*SUPPLIED MATERIAL*:
_ _ _ _ _

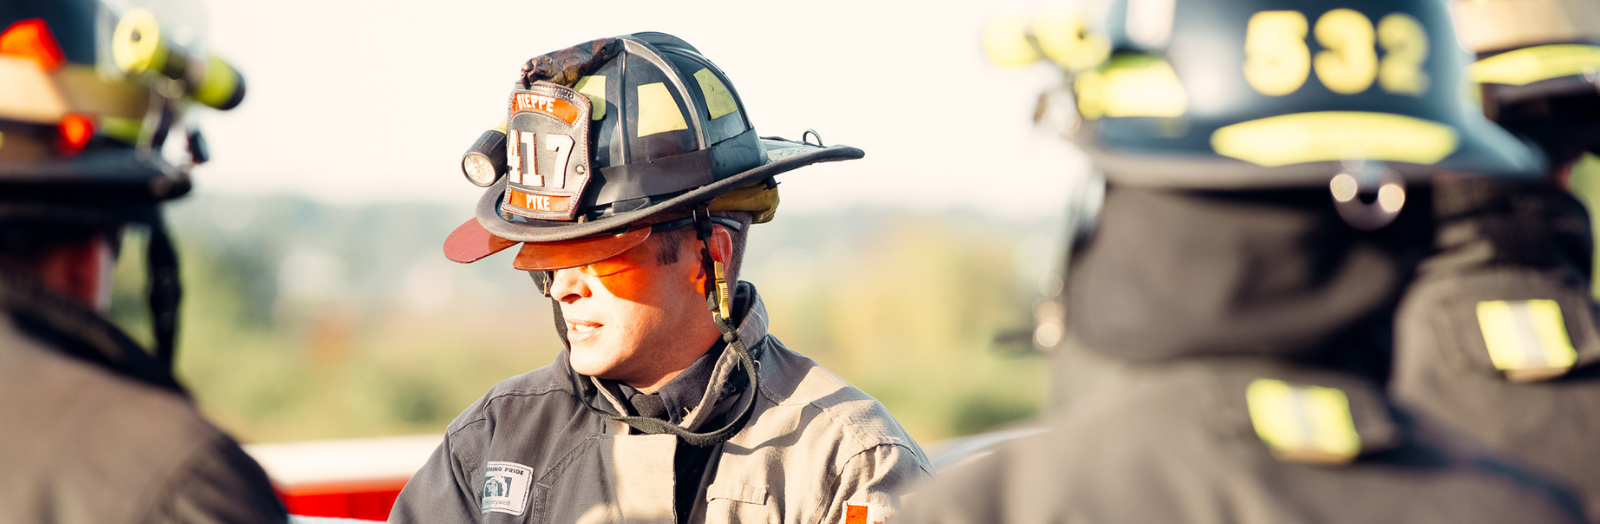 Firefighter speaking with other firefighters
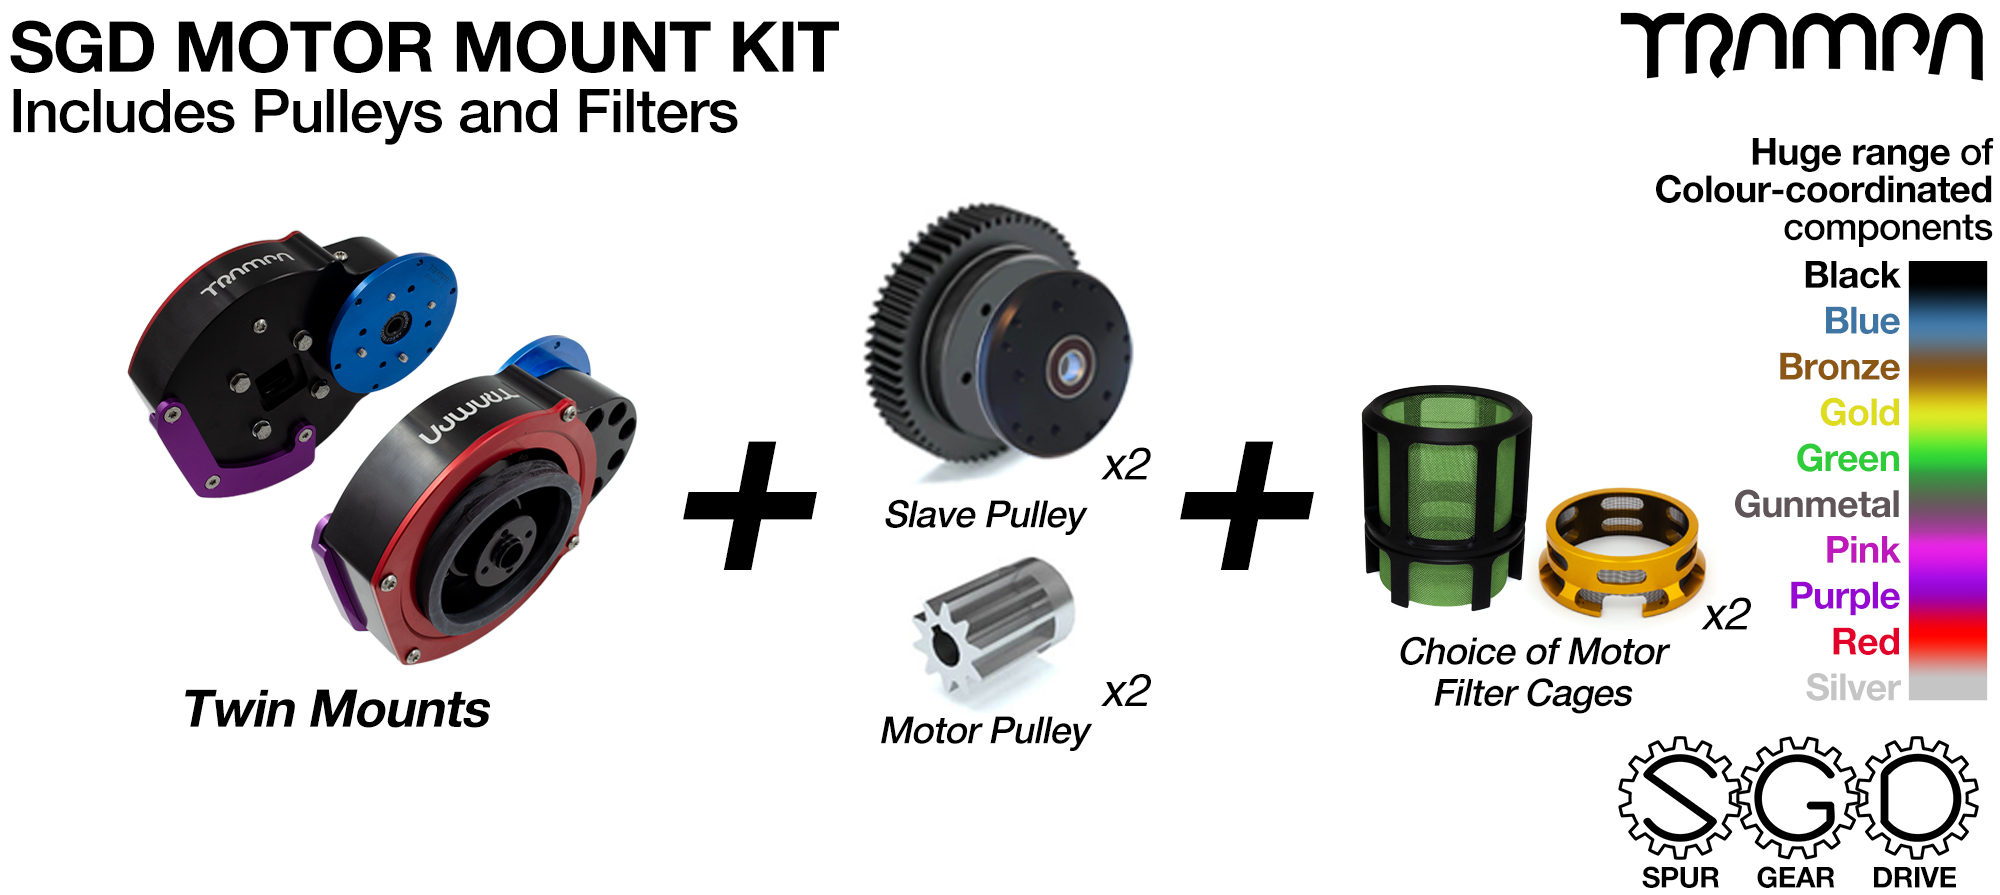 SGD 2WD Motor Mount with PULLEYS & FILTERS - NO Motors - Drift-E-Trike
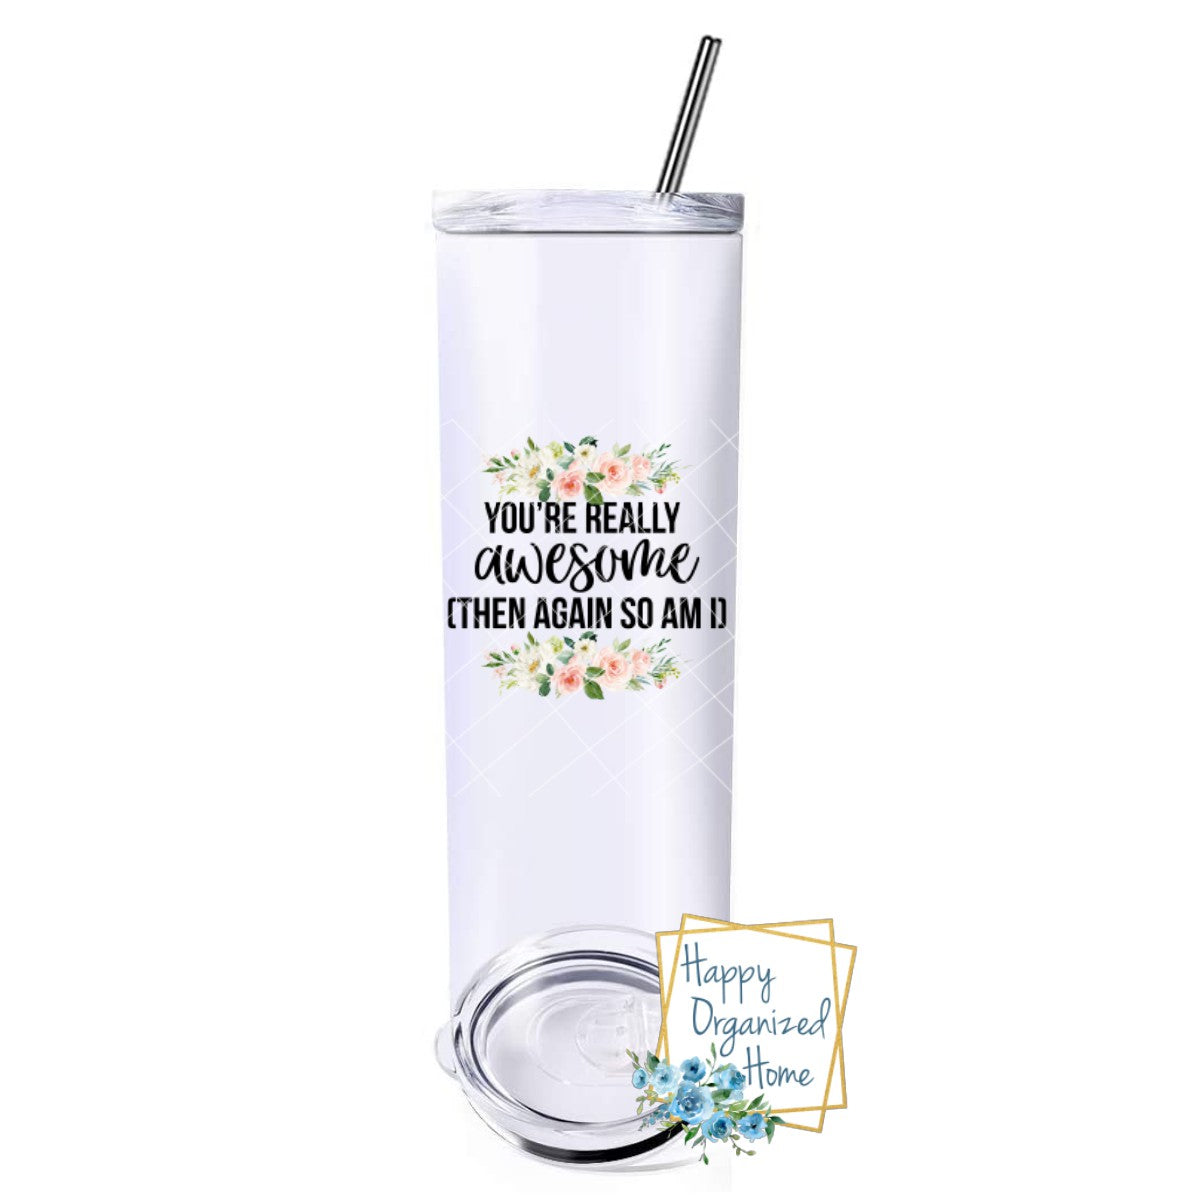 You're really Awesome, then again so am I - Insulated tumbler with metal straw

_ _ _ _ _

*AIM OF THE EXERCISE*: The entire listing above, word for word and without pictures, is what should be output.

*SOLVED EXERCISE*:
 Firefighter speaking with other firefighters
 SGD 2WD Motor Mount with PULLEYS & FILTERS - NO Motors - Drift-E-Trike
 You're really Awesome, then again so am I - Insulated tumbler with metal straw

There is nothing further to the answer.